[DATASET CONTENT]
____
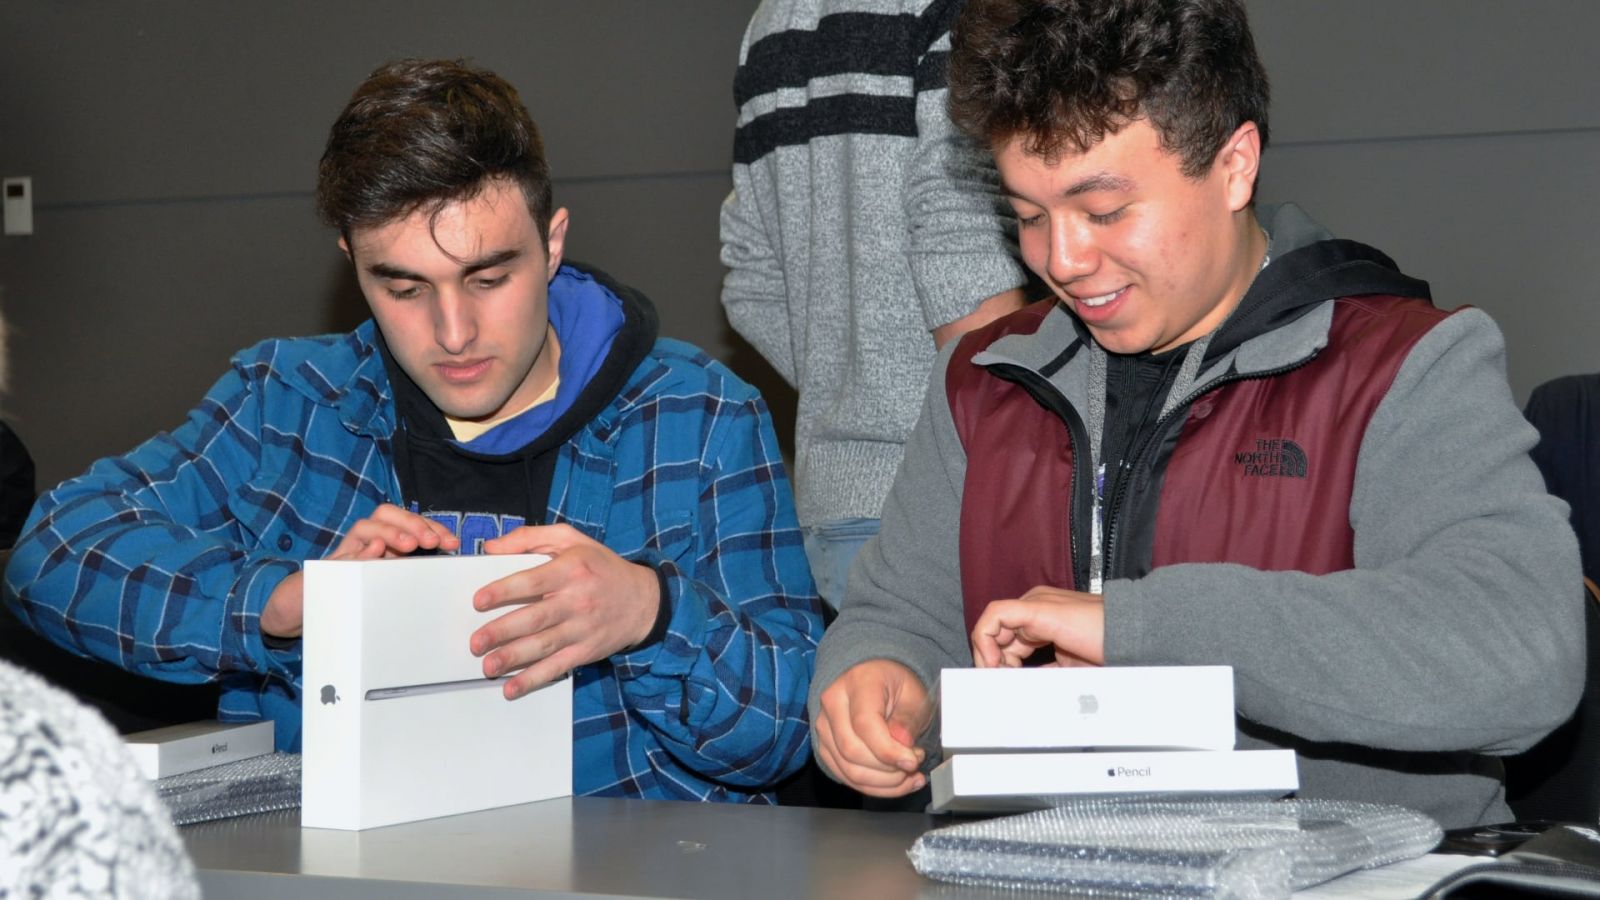 Aviation technology students each unbox their Electronic Purdue Bag's iPad and Apple Pencil
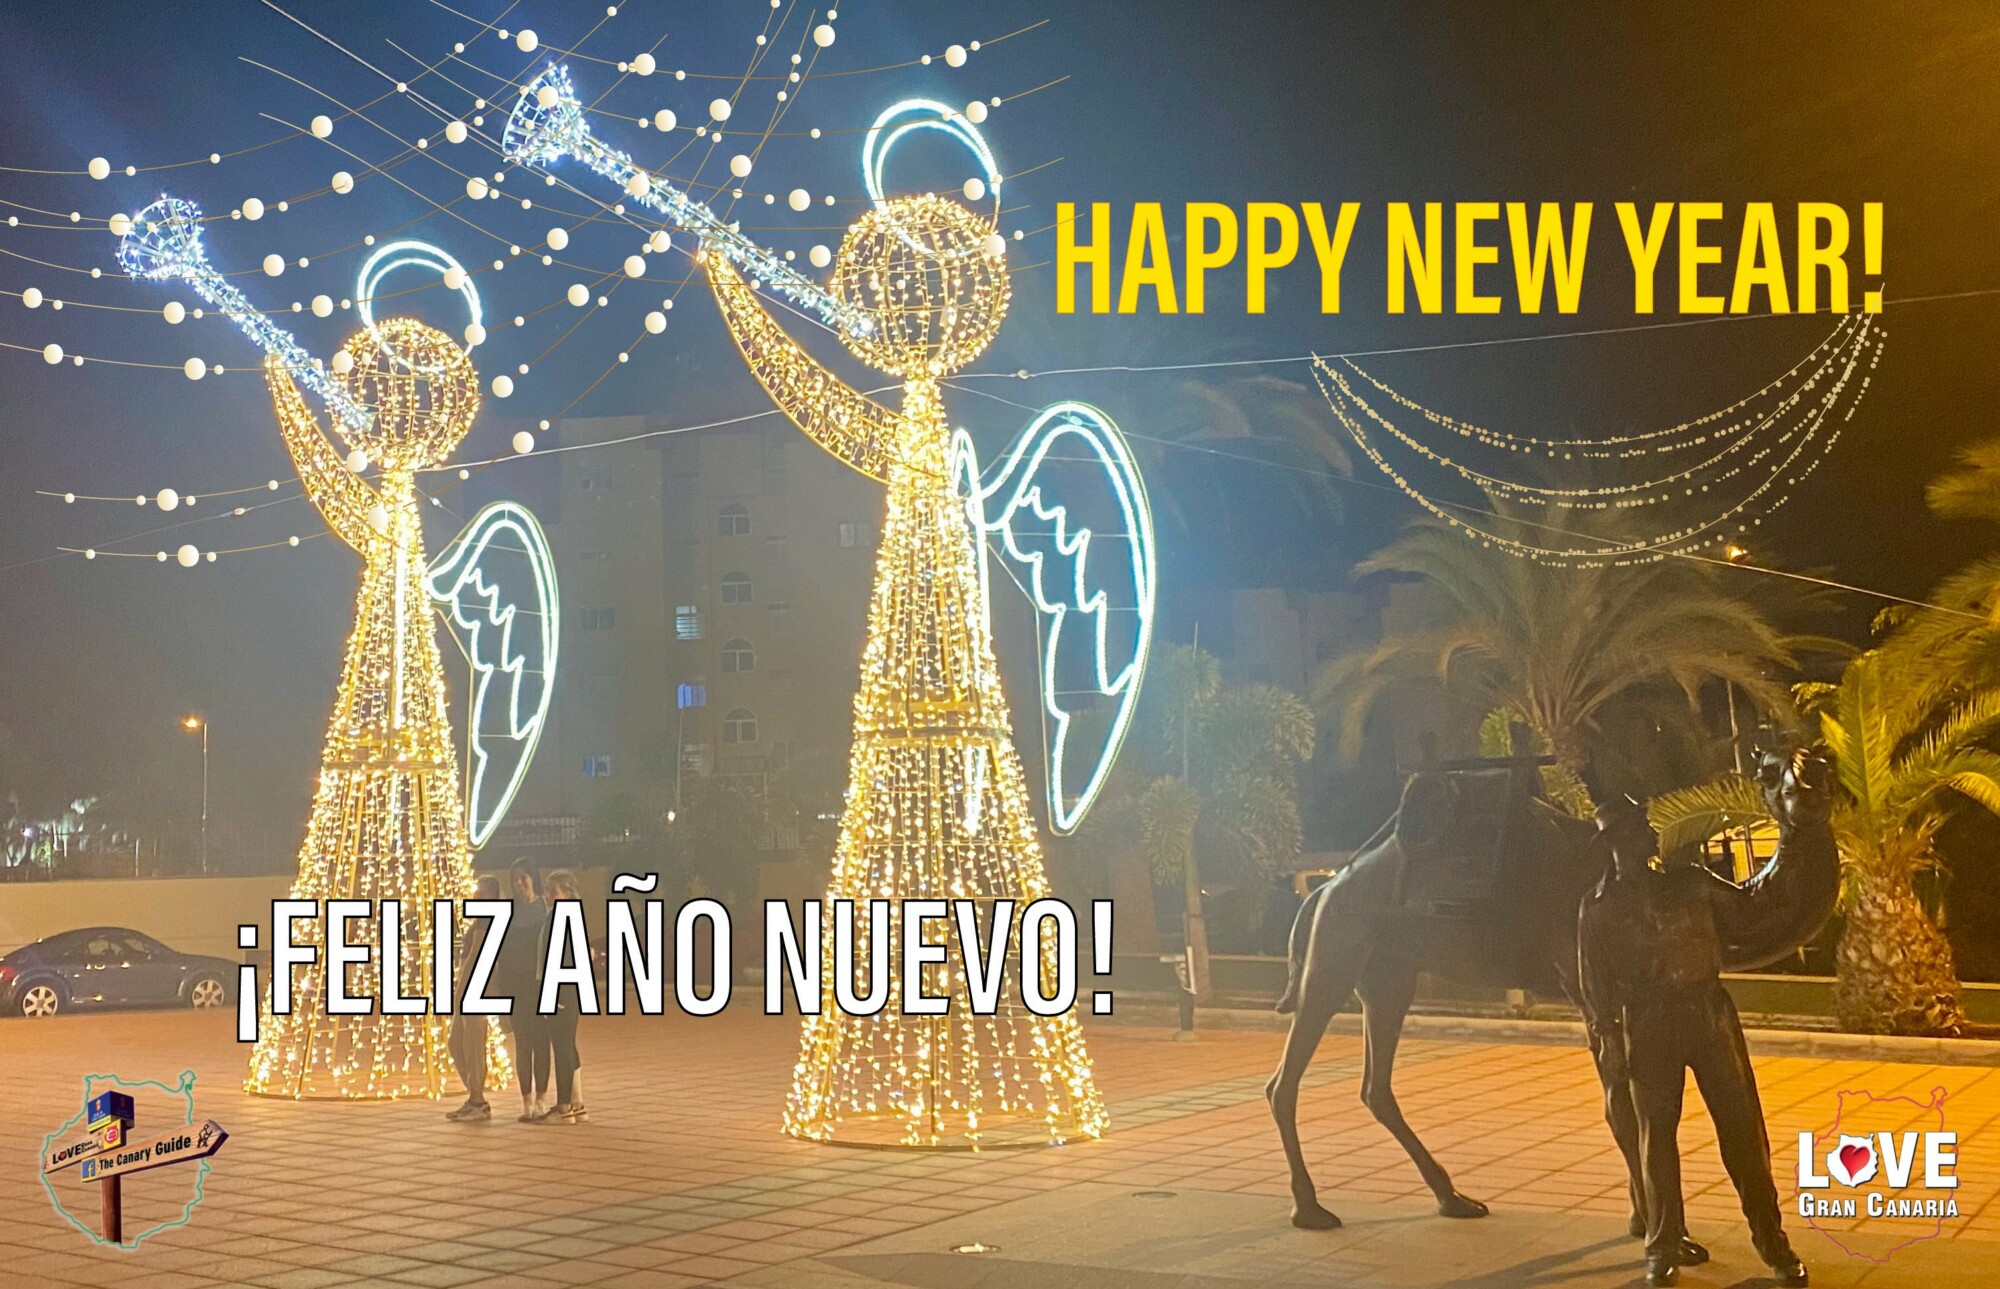 The Canary Guide: Nochevieja, New Year’s #WeekendTips 2022-23
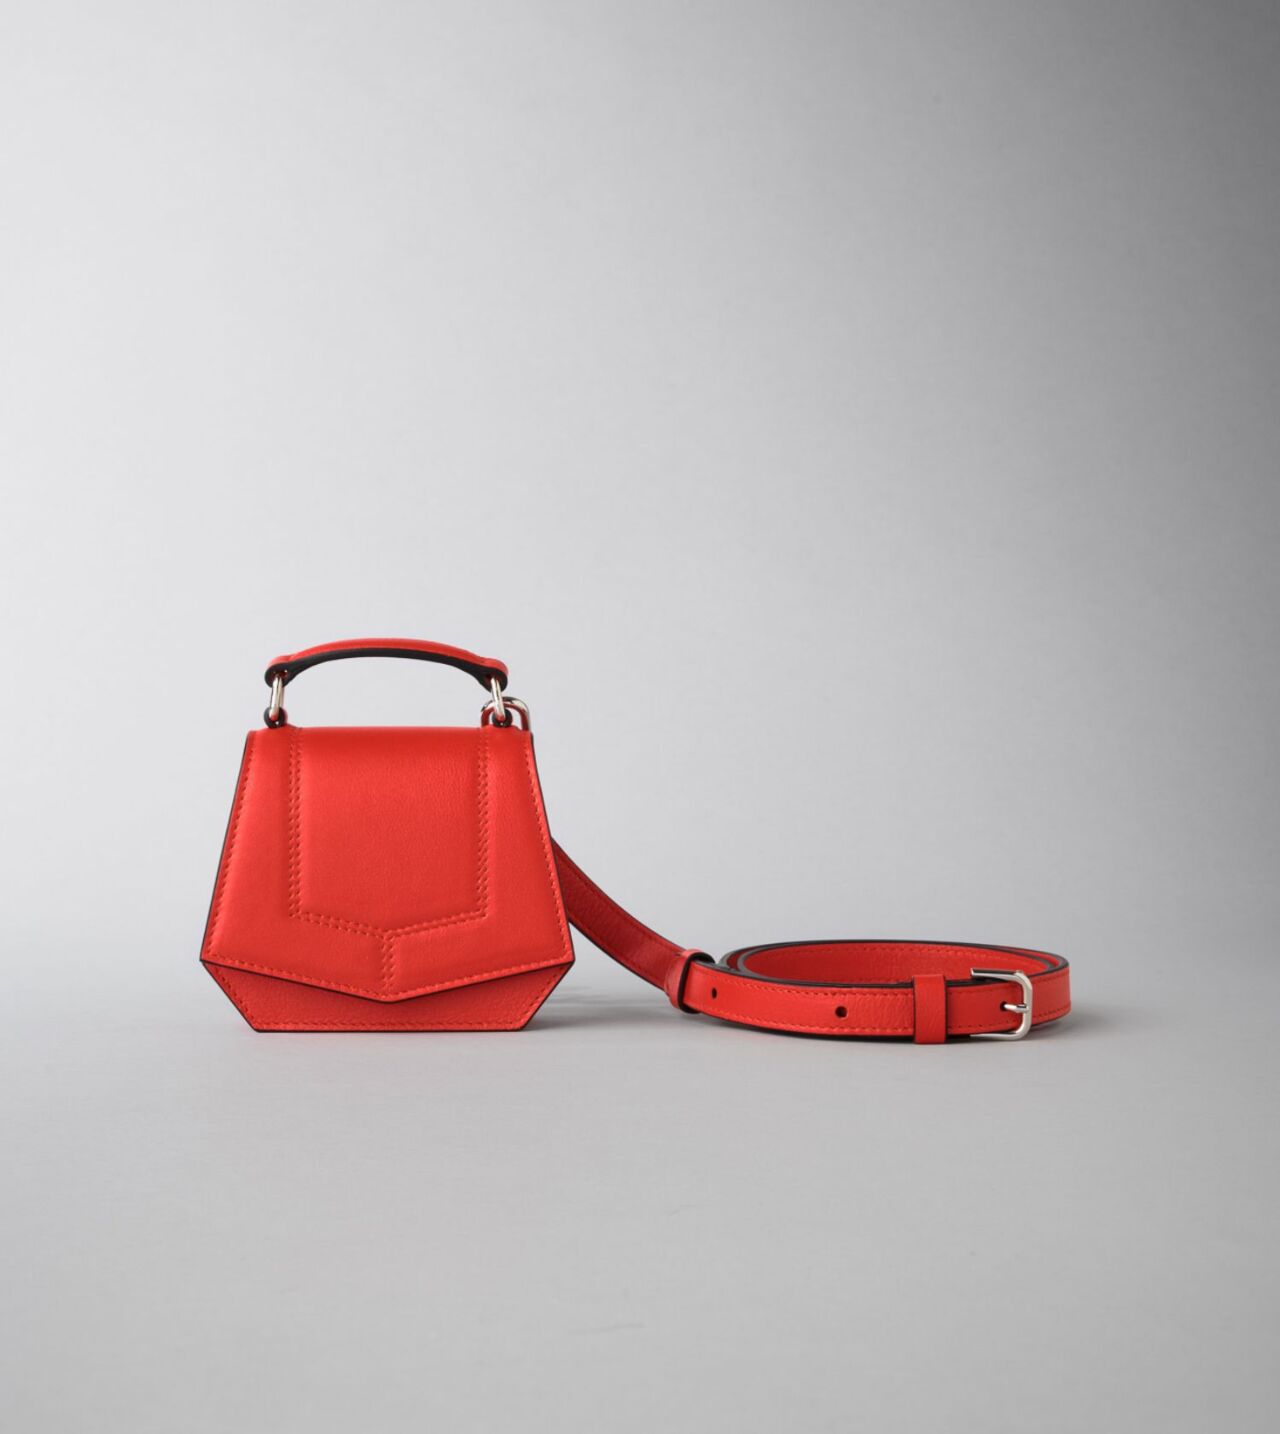 Blueprint Micro Bag in Bright Red Leather
____
[PROBLEM TO WORK ON] Write out the whole listing exactly as it appears, and omit the pictures.

[RESPONSE AREA]
 Aviation technology students each unbox their Electronic Purdue Bag's iPad and Apple Pencil
 The Canary Guide: Nochevieja, New Year’s #WeekendTips 2022-23
 Blueprint Micro Bag in Bright Red Leather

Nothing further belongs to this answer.